(Eric Bogle & "Dolly Parton")
Ever wake up late at night, or find yourself working or reading or just fucking off, with a song going around in your brain? I always do that. Especially the late-night or early-morning thing.
If it's a nice, peaceful song, fine. A couple that seem to recur in my brain are "Don't Walk Away, Renee", (or whatever the actual title is) and "Meet Me in September". But lately they've been, well, not depressing exactly, but not cheerful songs, by Scots-Australian folk singer Eric Bogle. Now I am a lifelong fan of Eric Bogle. Amy and I got to see him live in Northampton at the Iron Horse pub, with John Munro, late last year when he was on one of his infrequent American tours. For a very humorous synopsis of the tour, go here.
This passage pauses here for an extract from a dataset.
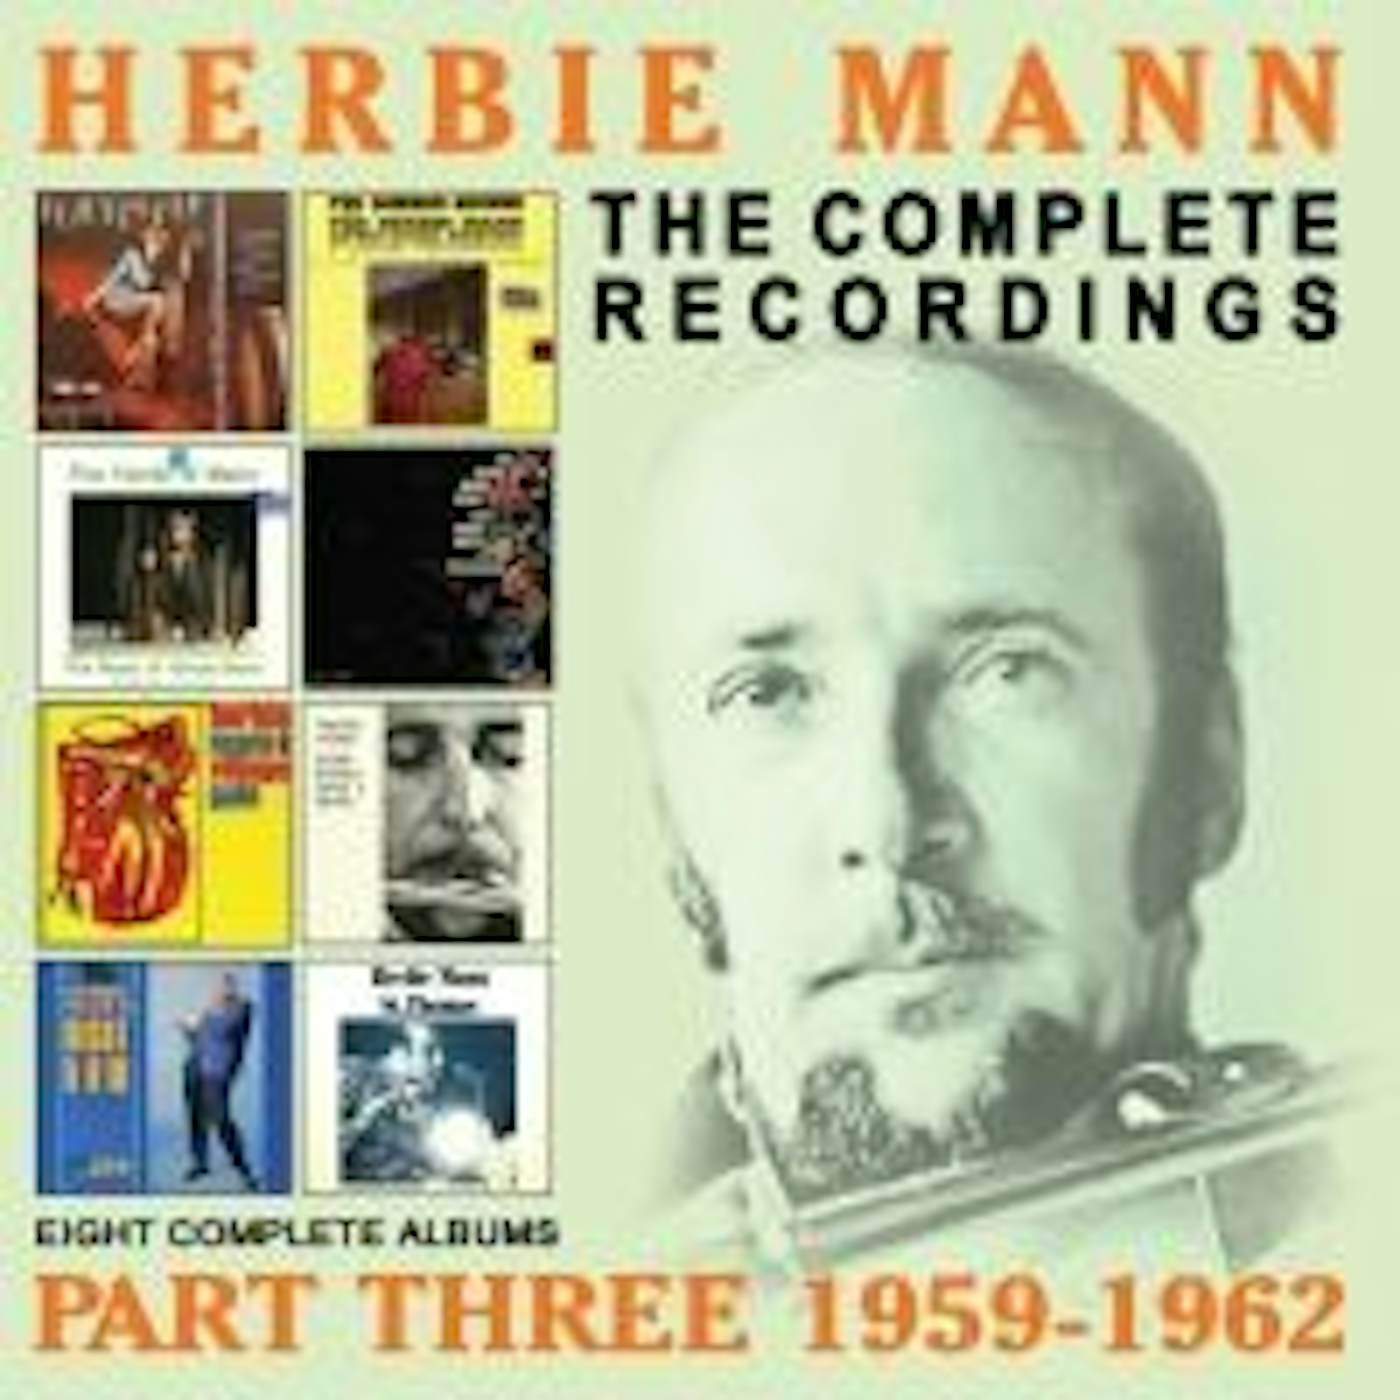 Herbie Mann COMPLETE RECORDINGS: 1959-1962 CD

But imagine waking in the middle of the night to hear this going around and around and around in your head-
I know I won't see peace again,
for what's left of my life.
I know you'll keep on blindly killing,
and that many more will die.
I grieve for all the innocents,
and feel anger at their fate,
but I must not, I can not, I will not-
-hate.
Oh I wish I could be there,
The day you go to meet your God,
when you hold up your bloody hands and cry-
'I did it all in your name, Lord!'
That age-old lie,
lifted upwards as a prayer,
when your God looks deep inside your soul,
Oh, I wish I could be there.
For thou shalt not make me hate.
Thou shalt not make me kill.
This mind is my own,
this heart, this soul, this will.
If I've learned anything at all,
it's that love, not hate endures.
I'd rather live just one day in my world,
than a thousand years in yours.
- -
whew!
I dunno. I haven't been sleeping well lately. Well, ok, since Bush got elected the first time... but especially badly the last few months. Actually, a late-night musing brought on today's Mulligrubbers post. I woke up last night, after reading the first half of Sy Hersh's piece in the latest New Yorker, with the vision of George Bush looking out over a vast, devastated, radioactive Middle-Eastern wasteland and saying to me, "Well, we showed them Iranians, anyway. I think it was worth it."
I'd just like a single good night's sleep...
1 comment:
The answer's in the song, methinks. But it ain't no easy answer.